Moins on appuie sur les pédales d’un vélo et moins on avance. Pourtant en cas de fort vent de face ou de côte, si on ne veut pas caler on est bien obligé d’appuyer plus fort. Et comme tout le monde n’a pas la force d’Eddy Merckx, la solution pour réduire les déplacements en voiture c’est le vélo à batterie. Ou plutôt la nouvelle tarte à la crème qu’on trouve partout : à la location comme à la vente. Dans toutes les vitrines des marchands de cycles, le vélo à batterie s’impose au point de relayer les autres modèles au fond des magasins. Et à ce rythme-là il faudra bientôt aller au musée pour voir un vélo classique.
Mais ne nous berçons pas d’illusions : la panacée universelle n’existe pas. 20% du cobalt utilisé dans la fabrication des batteries qui équipent nos ordinateurs et véhicules en tout genre comme nos vélos provient de mines qui emploient des enfants. Et le marché explose littéralement depuis 3 ans. L’Unicef indique qu’en 2017, 40 000 enfants travaillaient dans des conditions déplorables à extraire le cobalt. A cela se rajoute le problème du recyclage des batteries et l’énergie électrique d’origine nucléaire ou fossile qu’il faut pour recharger les batteries. Même si l’impact sur l’environnement est moins fort qu’une voiture il n’est pas nul et reste supérieur à un vélo classique.

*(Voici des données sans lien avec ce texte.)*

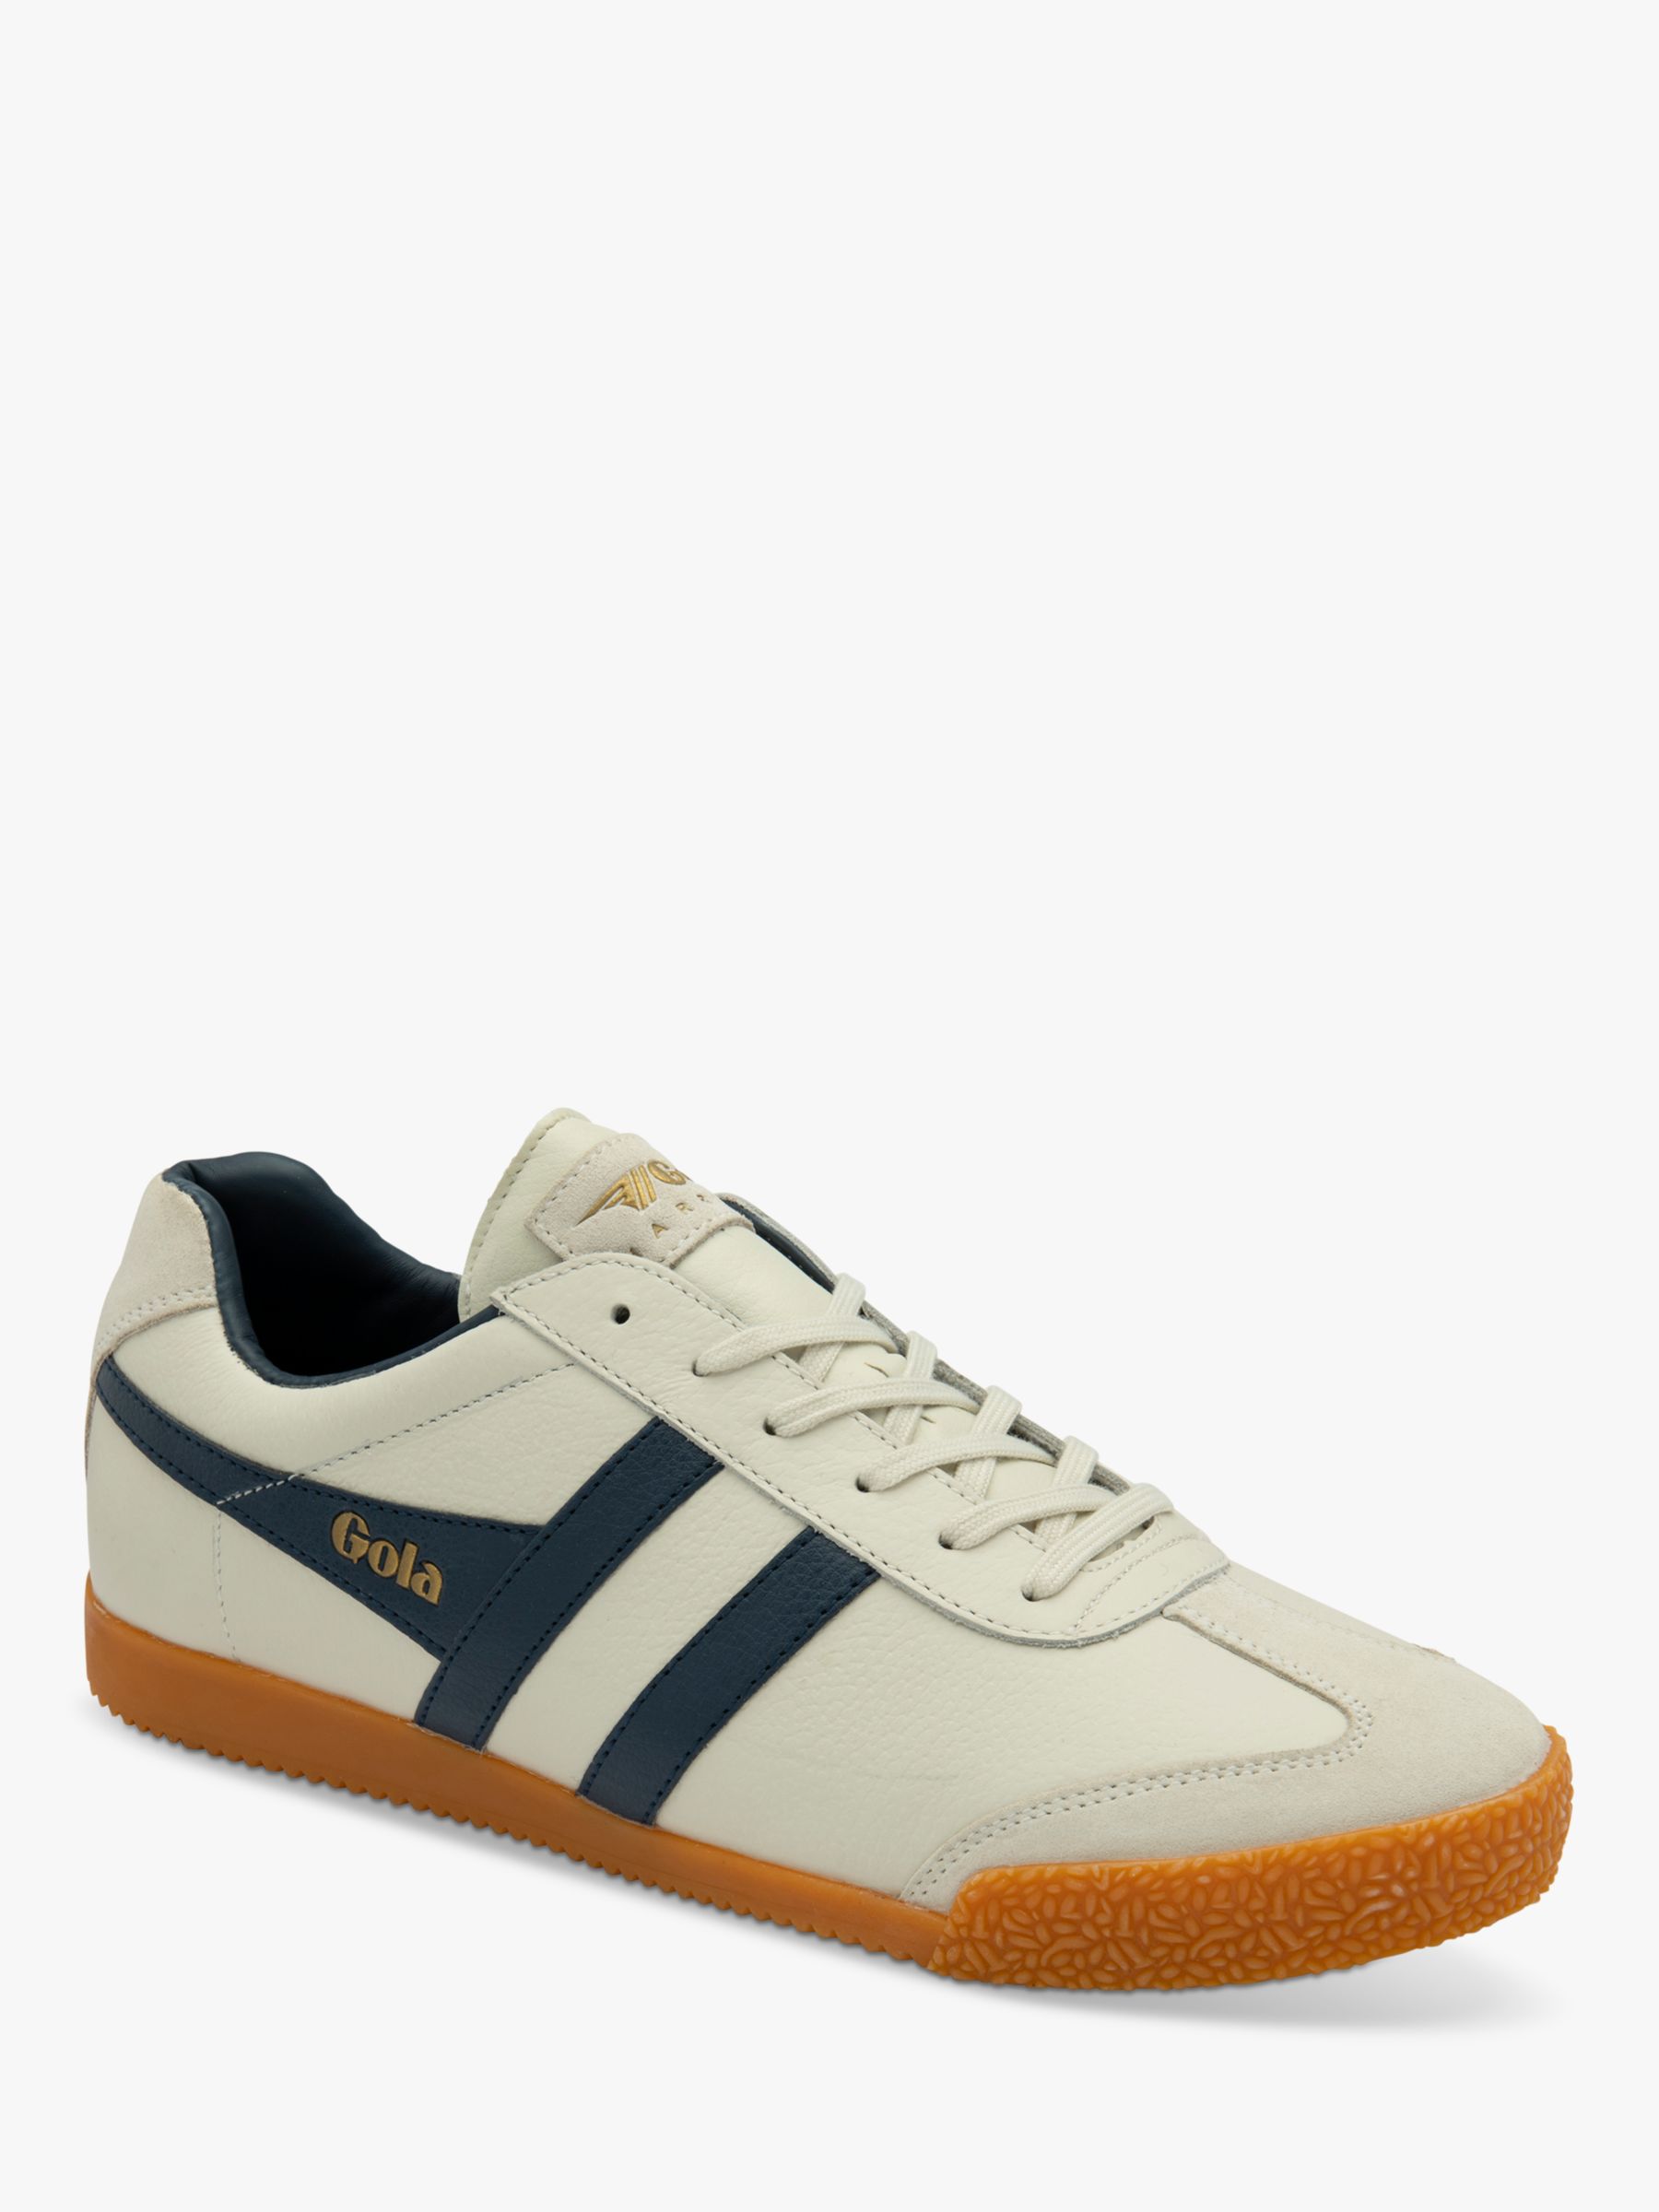 Gola Classics Harrier Leather Lace Up Trainers, Off White/Navy, 12

Les adeptes du vélo électrique n’en démordent pas : sans assistance électrique ils ne seraient jamais remontés sur un vélo. Et la première raison invoquée c’est que le terrain est loin d’être plat partout.

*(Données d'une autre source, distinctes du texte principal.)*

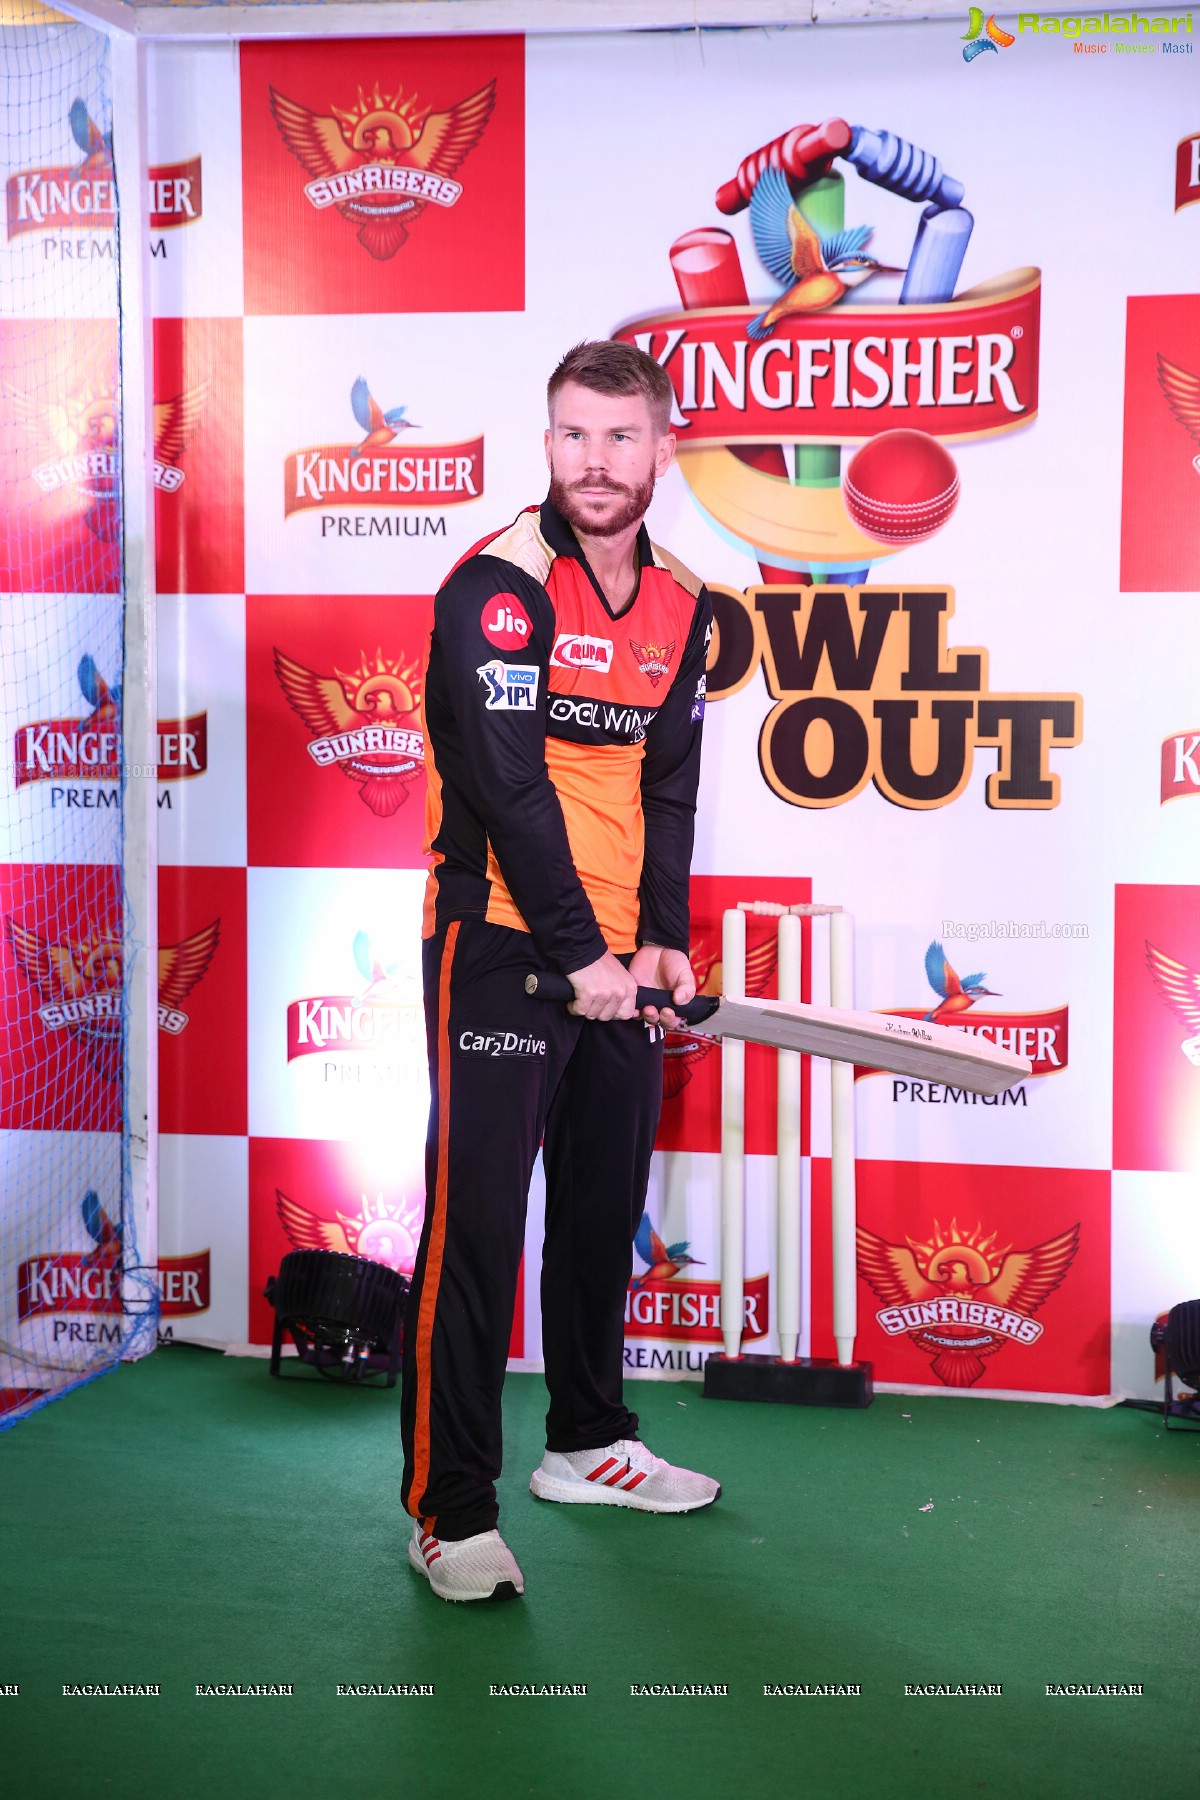 ‘Kingfisher Bowl Out’ Gives Sunrisers Hyderabad Fans a Lucky Chance At Inorbit Mall In Hyderabad

Il est fort probable qu’ils ne connaissent pas Paul de Vivie qui a inventé le dérailleur vers 1908. Sinon ils n’auraient jamais acheté un vélo électrique. Le dérailleur fait appel au principe de la démultiplication. Pour pédaler moins fort il suffit de recourir à ce principe. Avec le dérailleur, plus vous faites monter la chaine à l’arrière sur une roue dentée de plus en plus grande pendant qu’à l’avant vous allez vers le plus petit plateau, moins vous avancez vite et moins vous avez besoin d’appuyer sur les pédales. Avec un vélo à trois plateaux et 7, 9 ou 10 vitesses à l’arrière vous pouvez monter des côtes à 15% même sans entraînement ! Vous monterez à 5 km/h, et si vous n’accélérez pas la cadence de pédalage vous monterez sans être essoufflé ou tout dégoulinant de sueur en arrivant en haut. A cette allure il vous faudra 12 mn pour monter une côte d’un km et 8 mn de moins en vélo électrique. Le gain de quelques mn ne saurait justifier l’exploitation des enfants dans les mines de cobalt. N’oublions pas, comme nous le rappelle le pape François dans son encyclique Laudato Si’, que notre maison commune est comme une sœur qui « crie en raison des dégâts que nous lui causons par l’utilisation irresponsable et par l’abus des biens que Dieu a déposés en elle. » Quand une réelle alternative se présente à nous, cessons d’écouter les voix des sirènes qui nous poussent à consommer plus, mais cherchons plutôt à mieux utiliser ce que nous avons déjà.